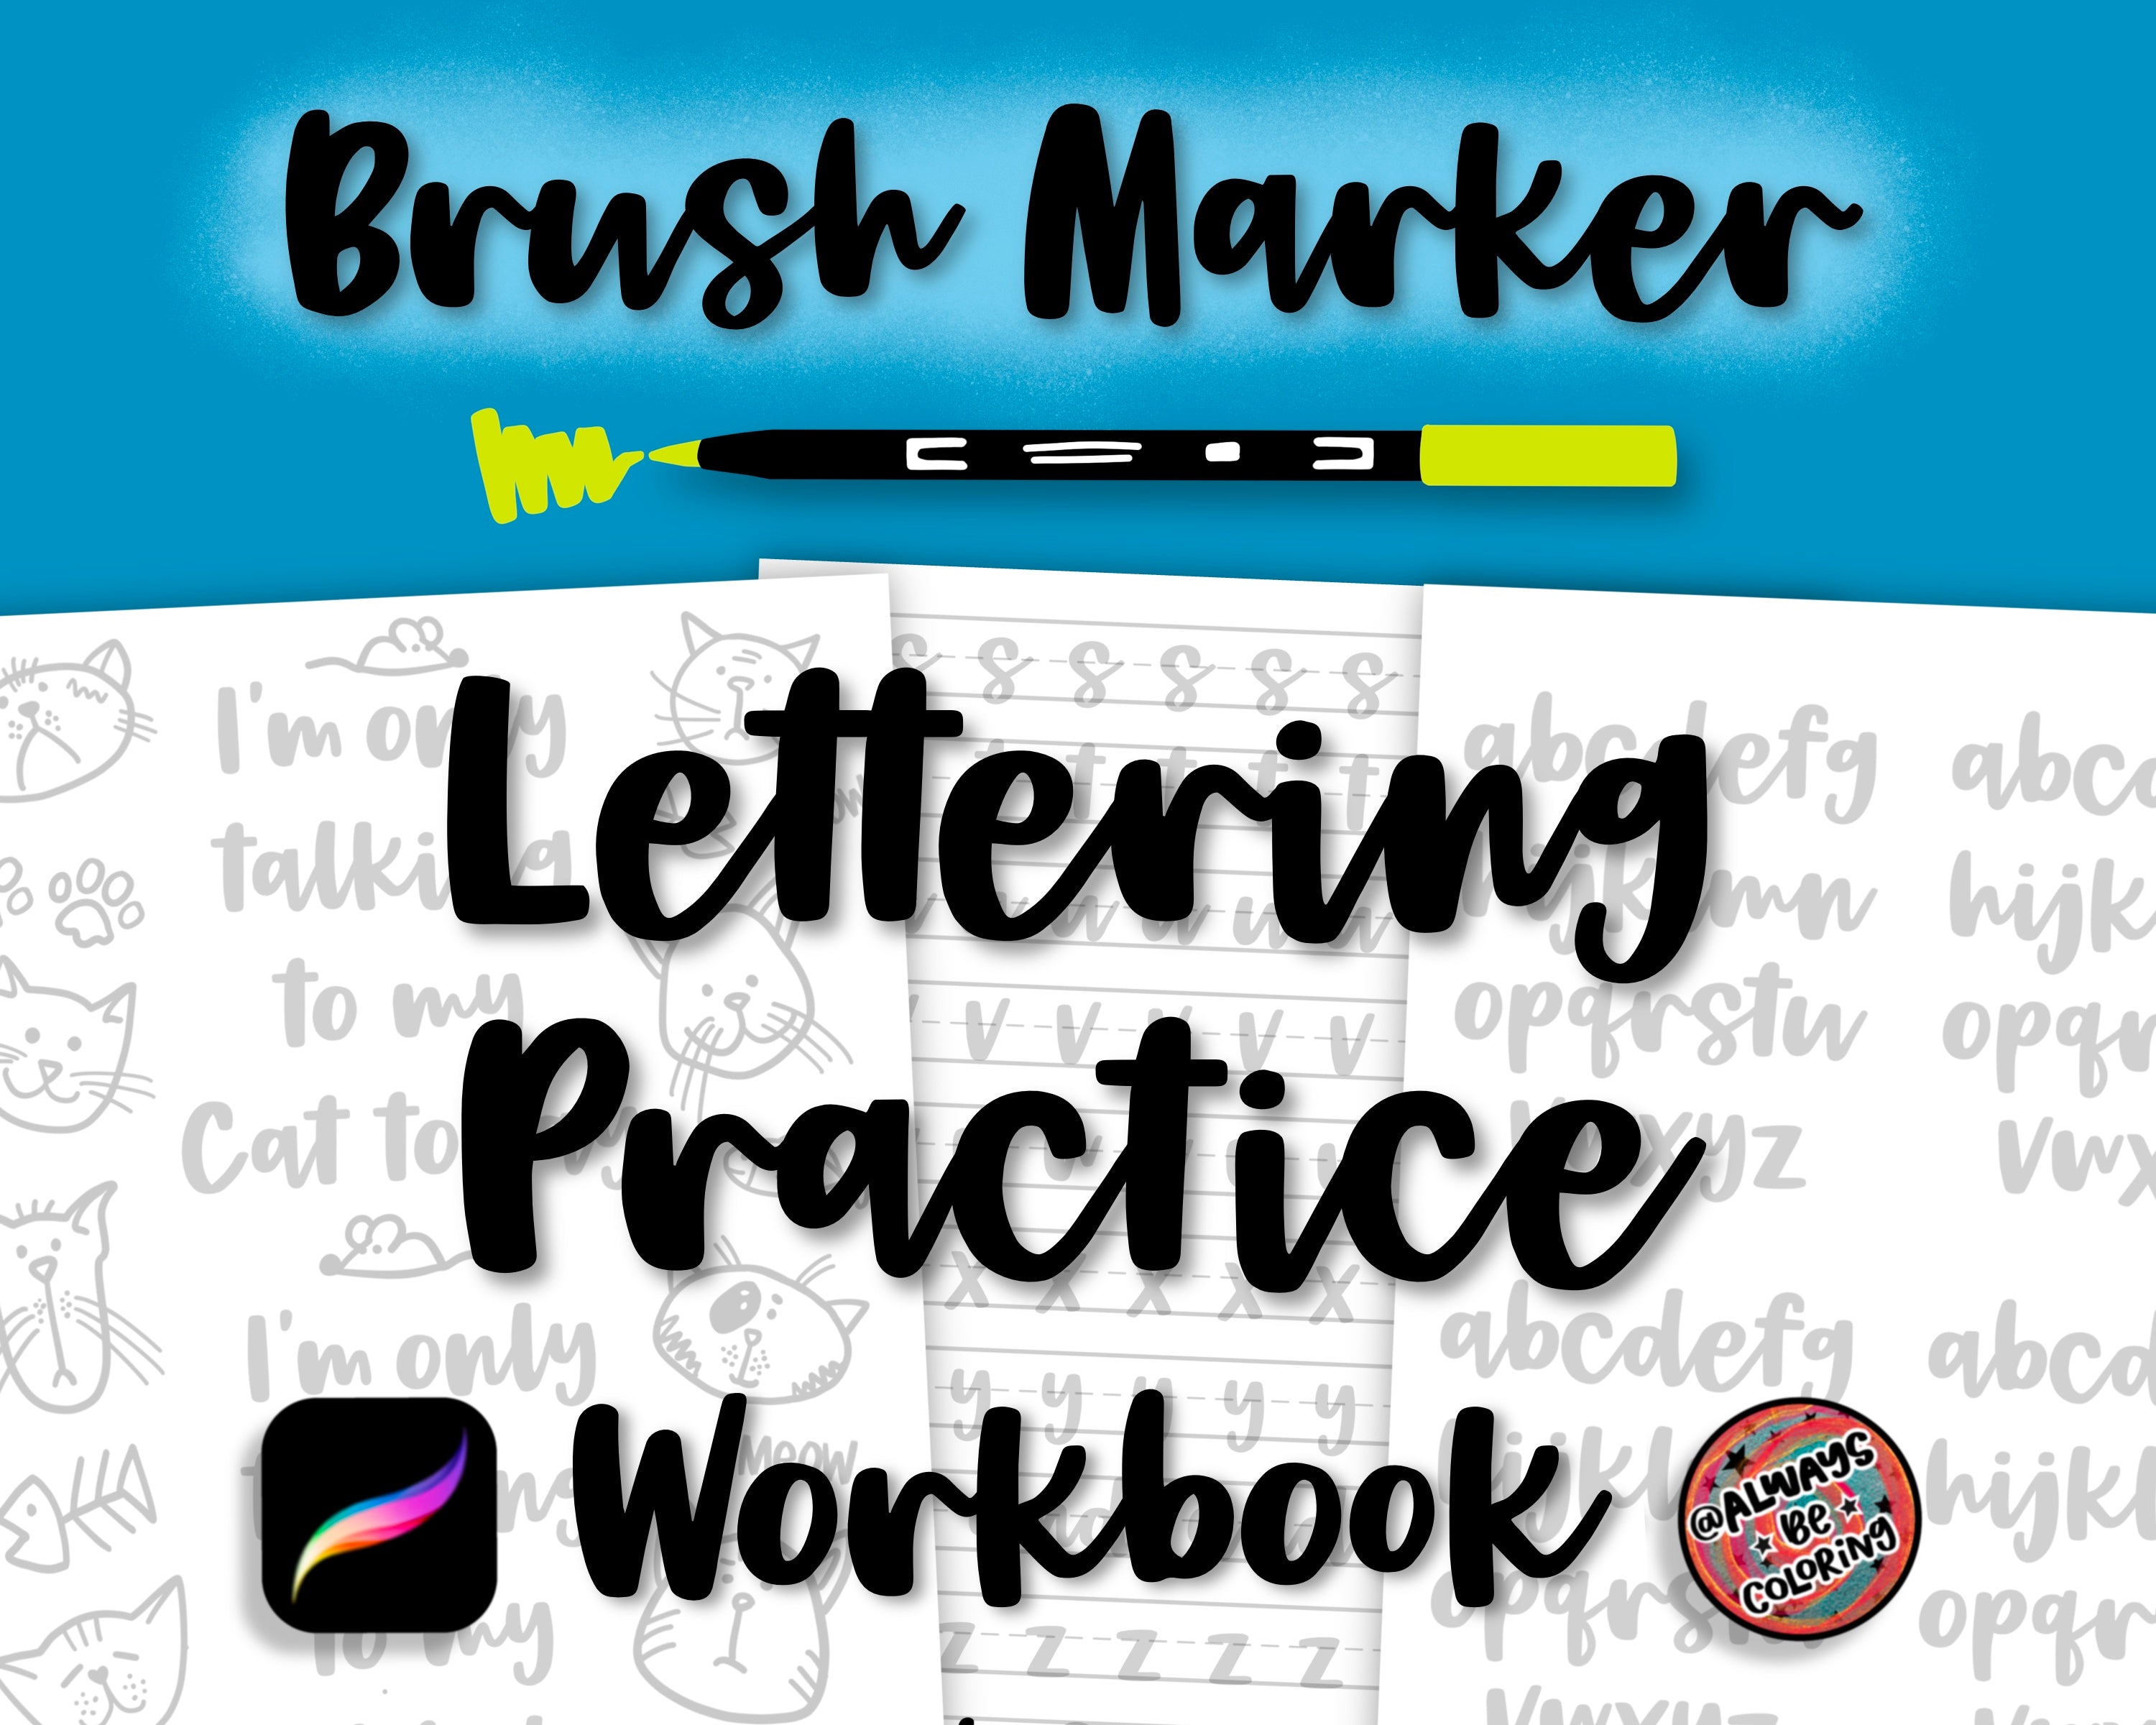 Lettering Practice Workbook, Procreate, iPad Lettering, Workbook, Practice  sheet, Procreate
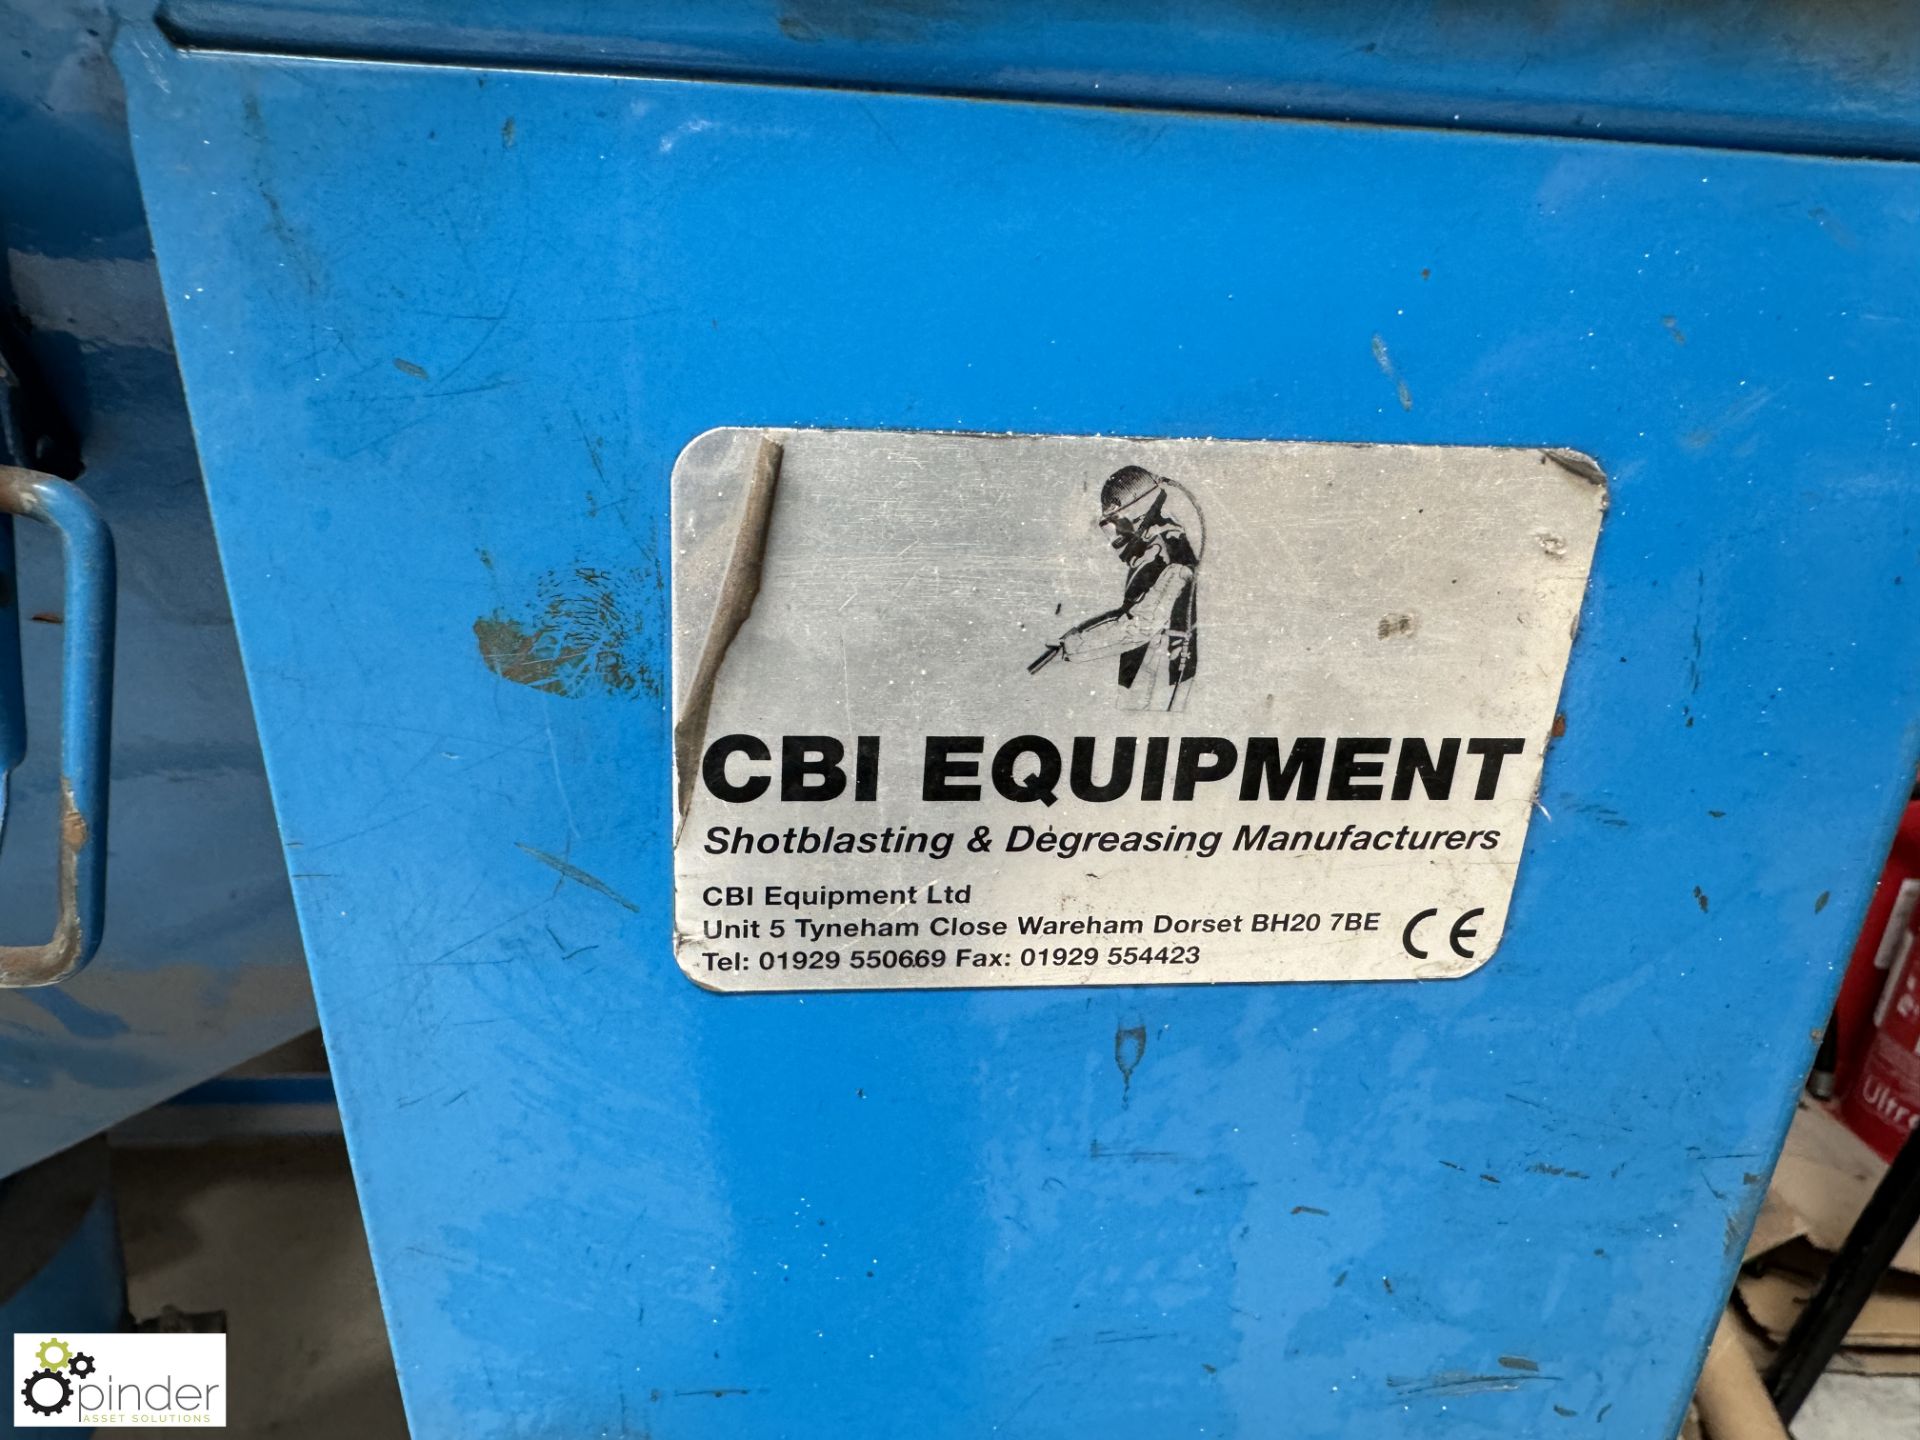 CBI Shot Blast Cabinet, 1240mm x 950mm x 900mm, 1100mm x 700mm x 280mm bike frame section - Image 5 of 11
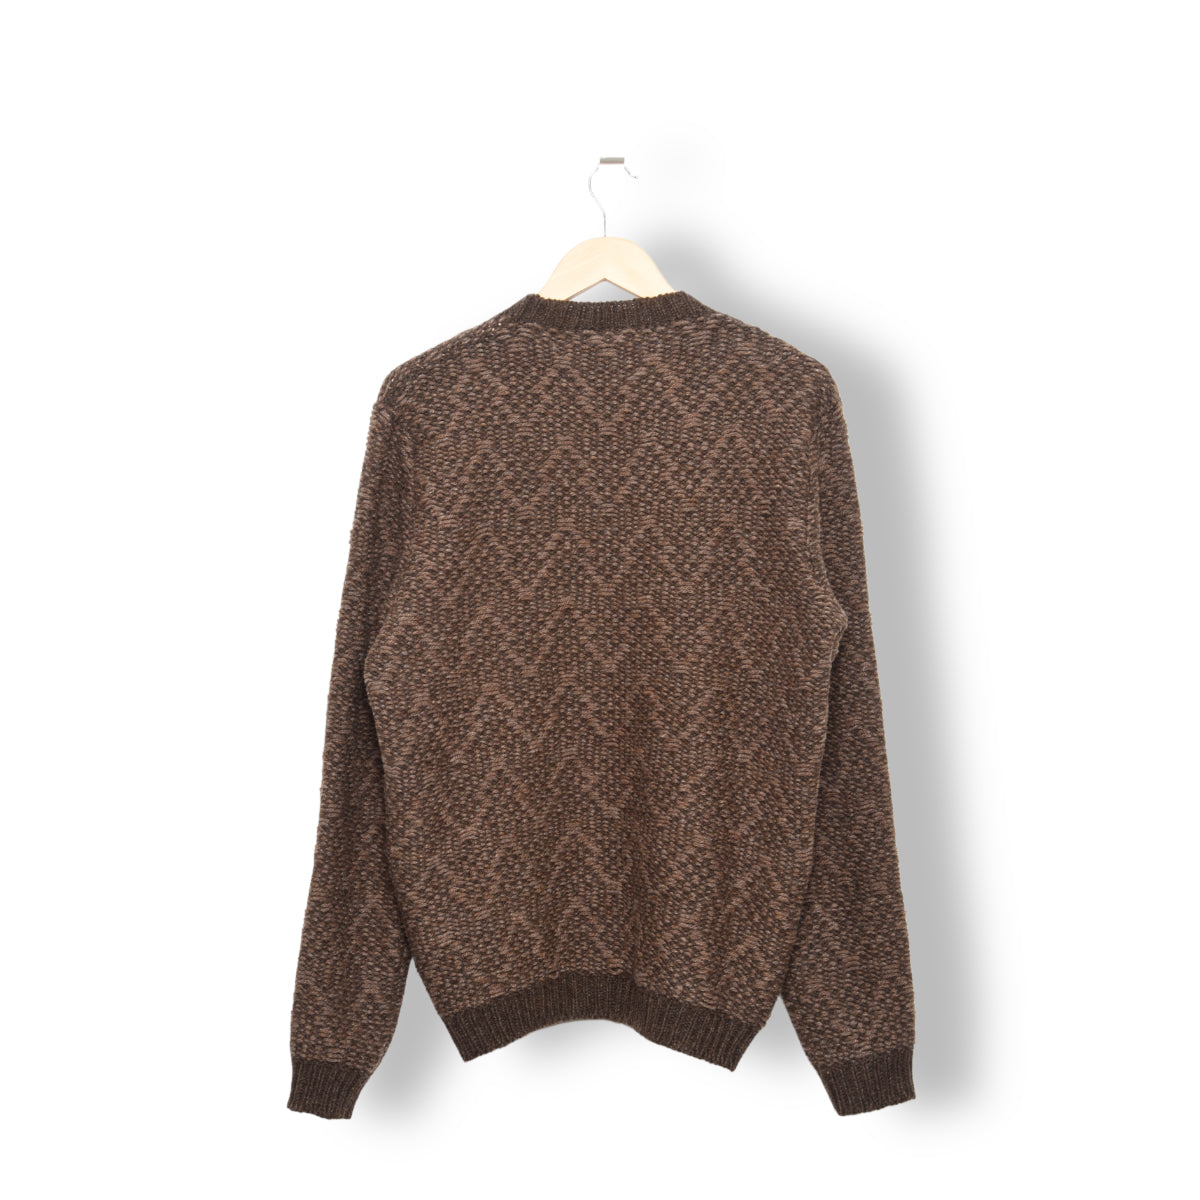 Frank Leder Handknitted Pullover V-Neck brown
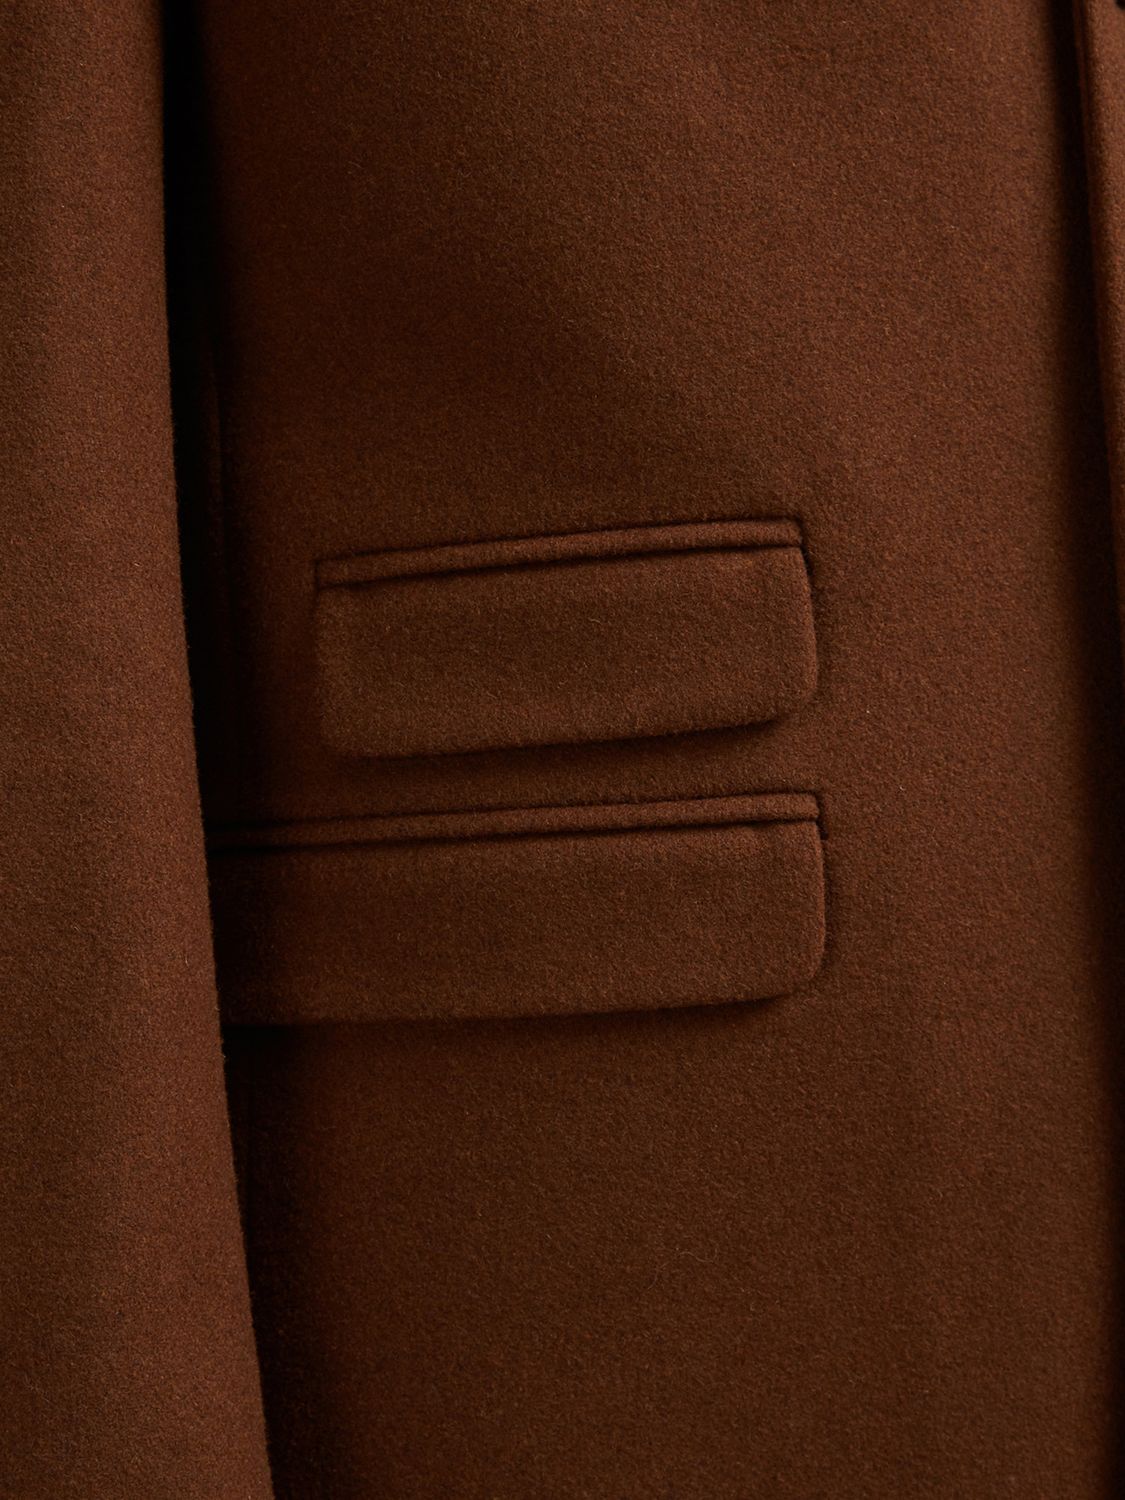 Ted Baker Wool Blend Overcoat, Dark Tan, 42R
****************
## Problem
With the pictures removed, write out exactly the lines from the line containing "CBI Shot Blast" through the last line of the material above, both included.

## Solved exercise
 CBI Shot Blast Cabinet, 1240mm x 950mm x 900mm, 1100mm x 700mm x 280mm bike frame section - Image 5 of 11
 Frank Leder Handknitted Pullover V-Neck brown
 Ted Baker Wool Blend Overcoat, Dark Tan, 42R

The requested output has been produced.